M. Morse était un ami proche de l’écrivain américain James Fenimore Cooper, célèbre auteur du Dernier des Mohicans, à qui il offrit une apparition dans la toile. L’écrivain apparaît dans le coin gauche, entouré de sa famille.

Détails de (G) James Fenimore Cooper et sa famille et de (D) M. Morse instruisant une élève, extraits de « Gallery of the Louvre », 1831–1833, par Samuel F. B. Morse. (Domaine public)
Il exposa ce tableau à deux reprises, à New York et à New Haven. Bien que l’œuvre fût saluée par les critiques et les connaisseurs, le public demeura indifférent. L’artiste en fut profondément découragé. De plus, après avoir échoué à obtenir une commande fédérale pour peindre une œuvre monumentale destinée à la rotonde du Capitole, M. Morse déposa définitivement ses pinceaux et se tourna vers les expériences électriques.
Une invention s’élance
Lors d’une traversée transatlantique en 1832, entre la France et les États-Unis, M. Morse rencontra Charles Thomas Jackson (1805–1880), avec qui il eut de longues discussions sur l’électromagnétisme et qui l’invita à observer ses expériences. Cela déclencha chez Samuel Morse l’idée de développer un moyen de transmettre rapidement des messages à longue distance par un fil électrique.
M. Morse mit au point un dispositif capable d’envoyer des messages codés via un télégraphe à fil unique.

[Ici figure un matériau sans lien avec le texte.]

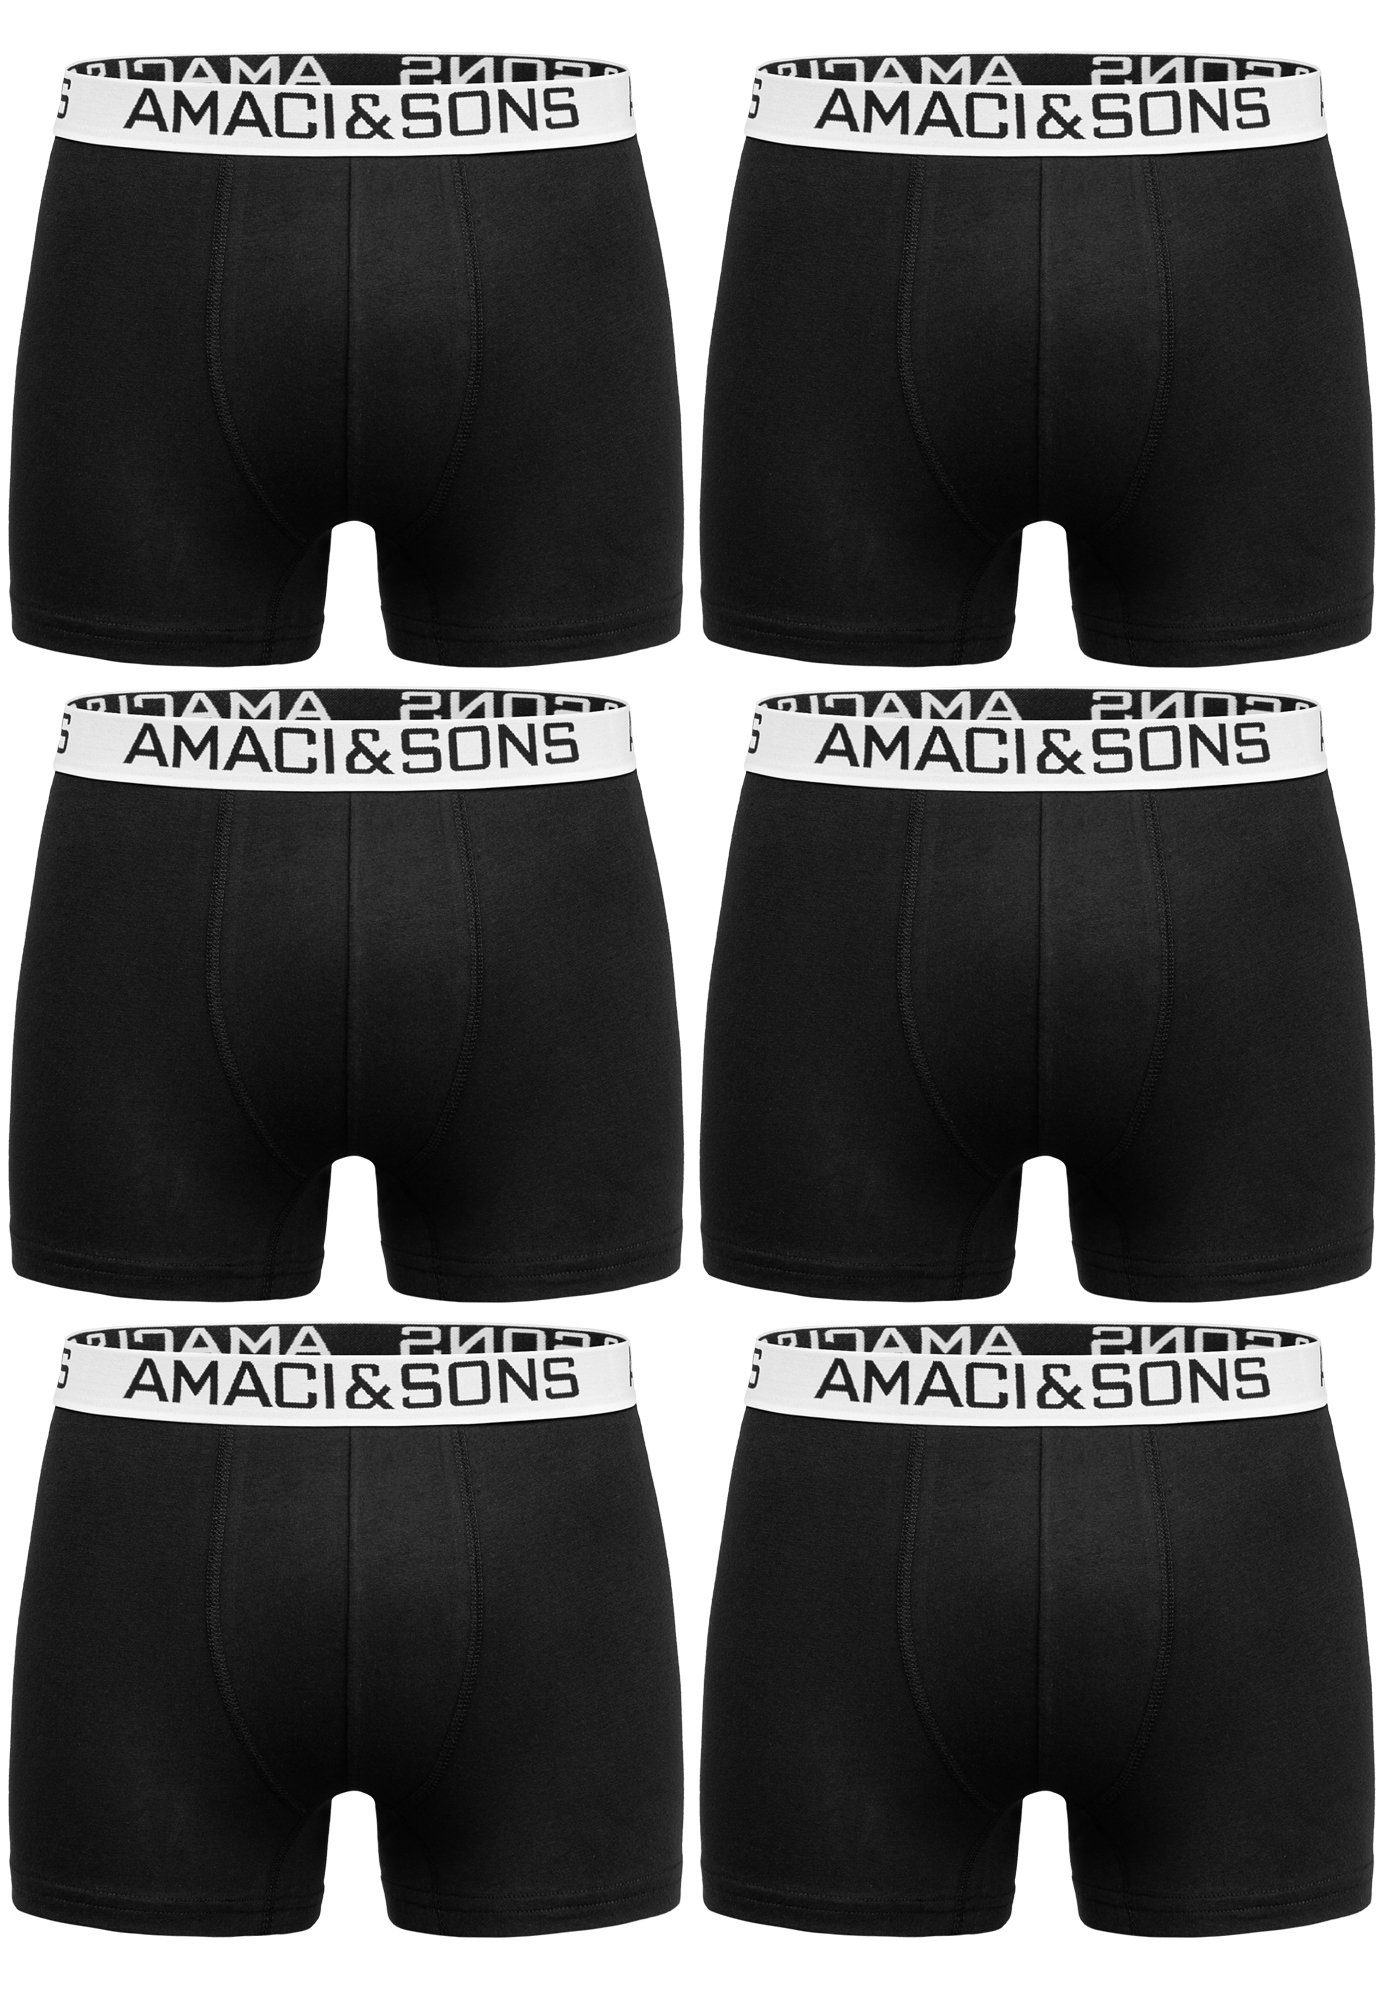 Unterwäsche WESTON (6er-Pack) Schwarz/Weiß Pack Amaci&Sons Männer Boxershorts Baumwolle Boxershorts Unterhose Herren 6er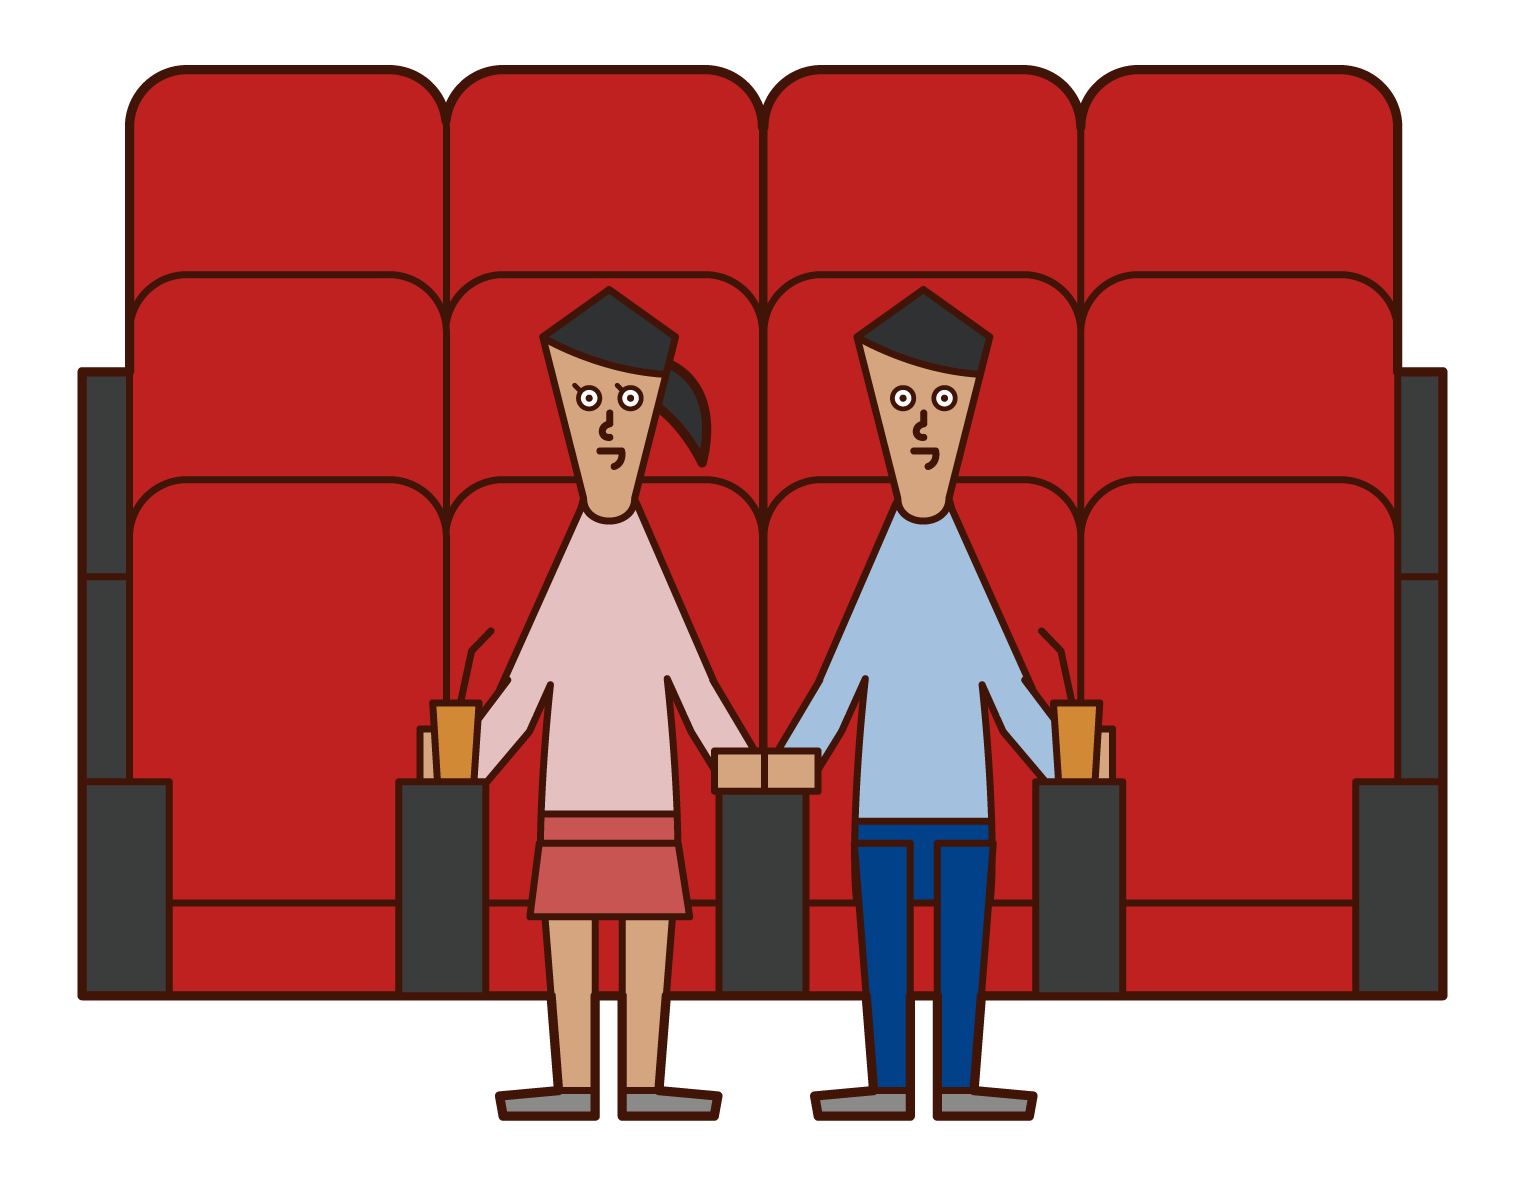 映画館で映画を見る人たちのイラスト フリーイラスト素材 Kukukeke ククケケ

En 1843, la Chambre des représentants vota un projet de loi l’autorisant à construire une ligne expérimentale reliant la salle de la Cour suprême, à Washington, à une gare de Baltimore, à environ 64 km de là. Le 24 mai 1844, il envoya le premier message télégraphique. Son dispositif était plus efficace que les autres télégraphes électriques existants.

Message télégraphique de Morse, « What Hath God Wrought », envoyé et transcrit le 24 mai 1844. National Museum of American History, Smithsonian, Washington. (Domaine public)
Grâce à cette invention, ainsi qu’au développement du code Morse — un système où les lettres sont représentées par des combinaisons de signaux longs et courts — il accéda à la célébrité et à la fortune. Le travail de M. Morse transforma la technologie des communications à longue distance et est considéré comme le précurseur de l’e-mail moderne.